The bank expects the company's fund management division revenue and EBITDA to achieve high single-digit year-on-year growth in 2023 (mainly due to the increase in 1H23 company's fund management scale). Construction commencement and completion in the second half of the year slowed down due to fluctuations in the macro environment. The annual level may have recorded a slight year-on-year decline, but the total volume is still relatively impressive. Furthermore, due to the company's sale of some of its listed assets, the revenue of the investment segment may decline year over year in 2023.

Increased financing costs and changes in fair value may be the main factors putting pressure on performance.

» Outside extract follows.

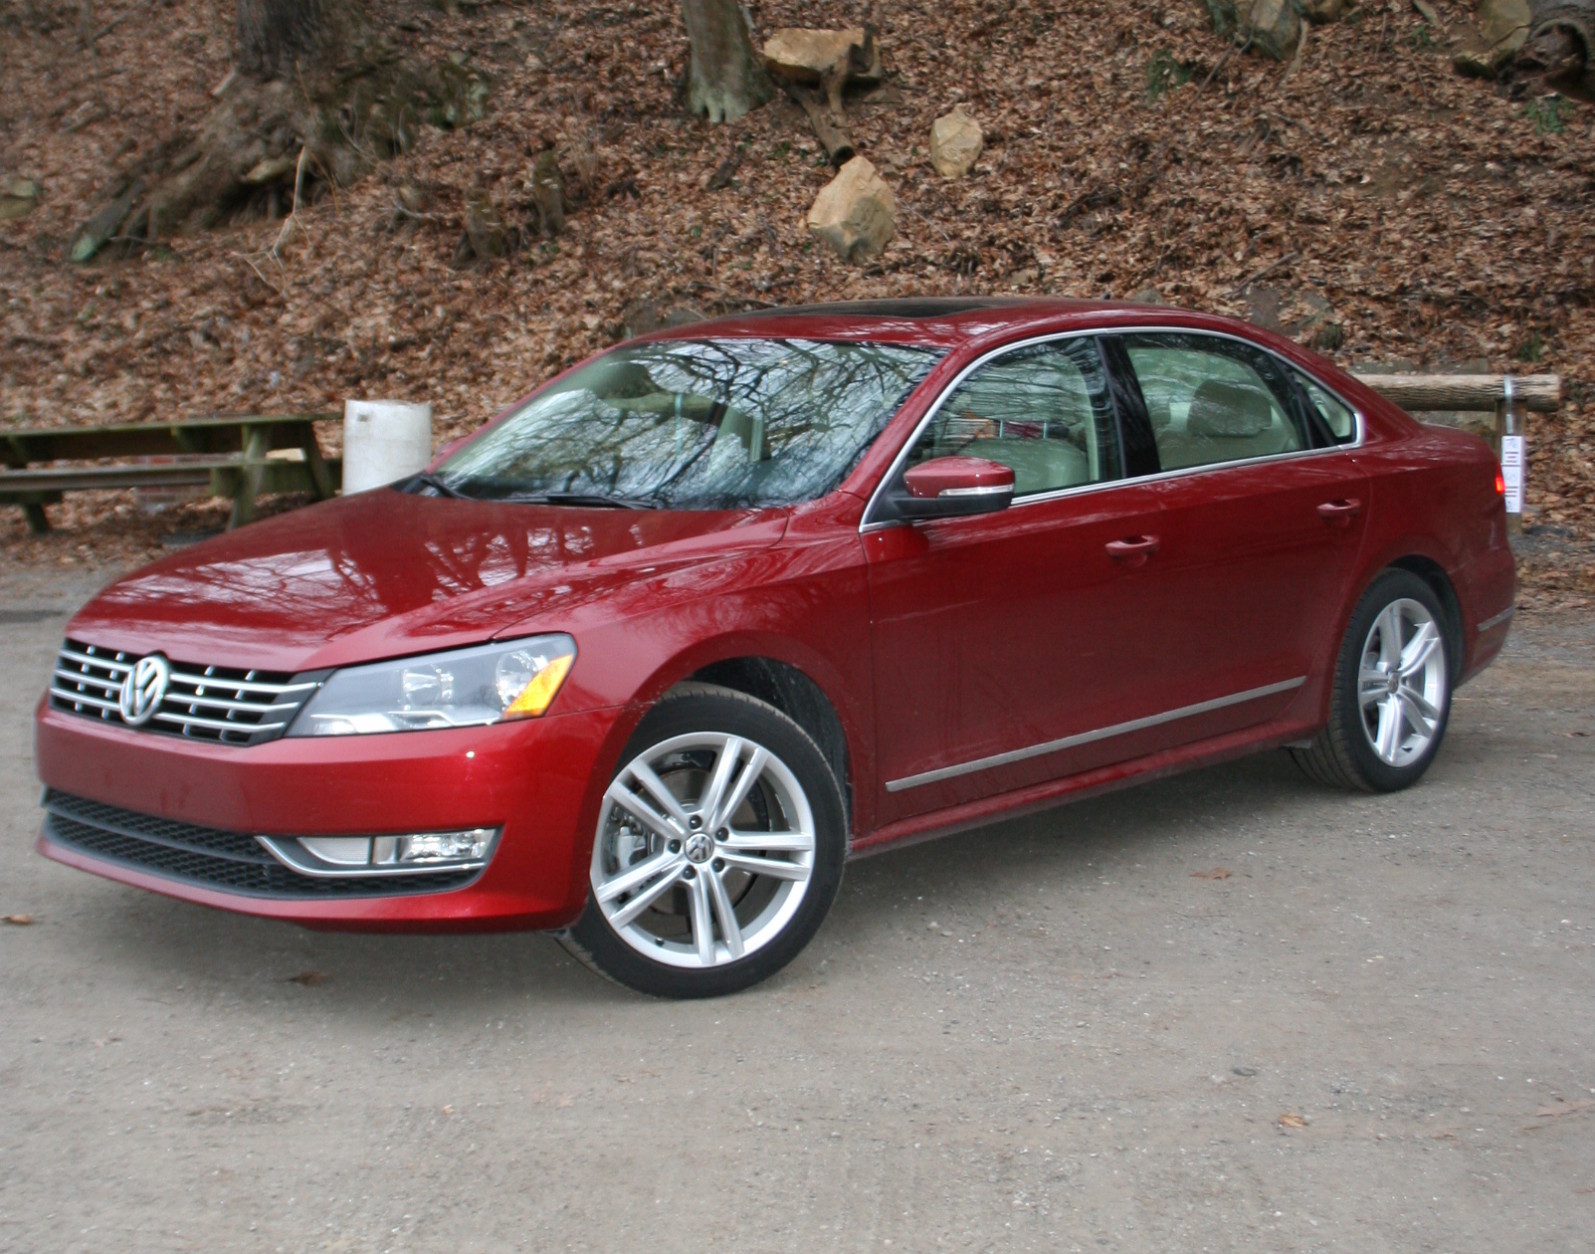 The Passat doesn’t have the standout styling as some of the competition, but it has that neat and tidy look of a more European sedan. (WTOP/Mike Parris)
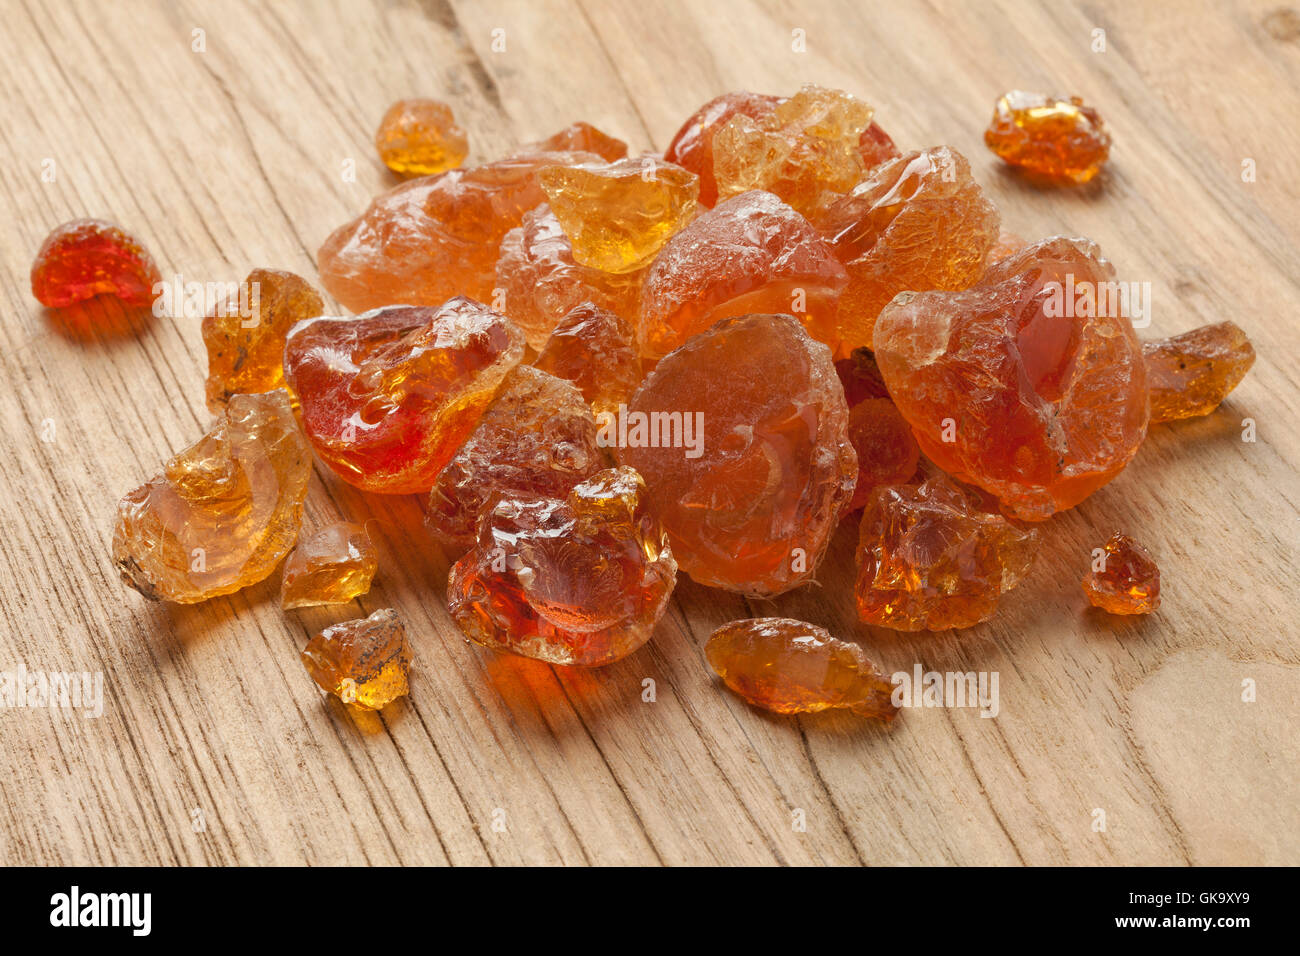 Heap of pieces of Gum arabic Stock Photo

Affected by the high overseas interest rate environment, the bank expects the company's weighted average financing cost to rise further compared to 1H23 (5.6%) in the second half of 2023, and interest expenses for the whole year will increase year-on-year. Furthermore, there was a marginal rise in the capitalization rate of commercial real estate around the world, leading to adjustments in asset valuations. Although some regions (such as Australia and South Korea) can hedge some of the pressure on asset prices through rising rents, the valuation of the overall asset portfolio is still under pressure.

Buybacks will provide some support for stock price performance in 2023.

According to the bank's statistics, the company's total repurchase amount in 2023 reached HK$1.7 billion (the number of repurchases reached 150 million copies). In 2024, the bank expects the company to continue to carry out repurchase activities depending on the situation.

Potential interest rate cuts in overseas markets may benefit the development of the company's business activities.

The rapid rise in interest rates in overseas markets since the second half of 2022 has caused a certain blockage to the real estate industry's business activities, and asset trading activity has declined significantly. In the future, the bank suggests focusing on potential interest rate cuts in overseas markets in 2024. In principle, the normalization and adjustment of interest rates may also be beneficial to ESR's operating activities and profit recovery statements.

risks

Real asset prices declined more than expected; financing costs continued to rise; exchange rate fluctuations exceeded expectations.

The translation is provided by third-party software.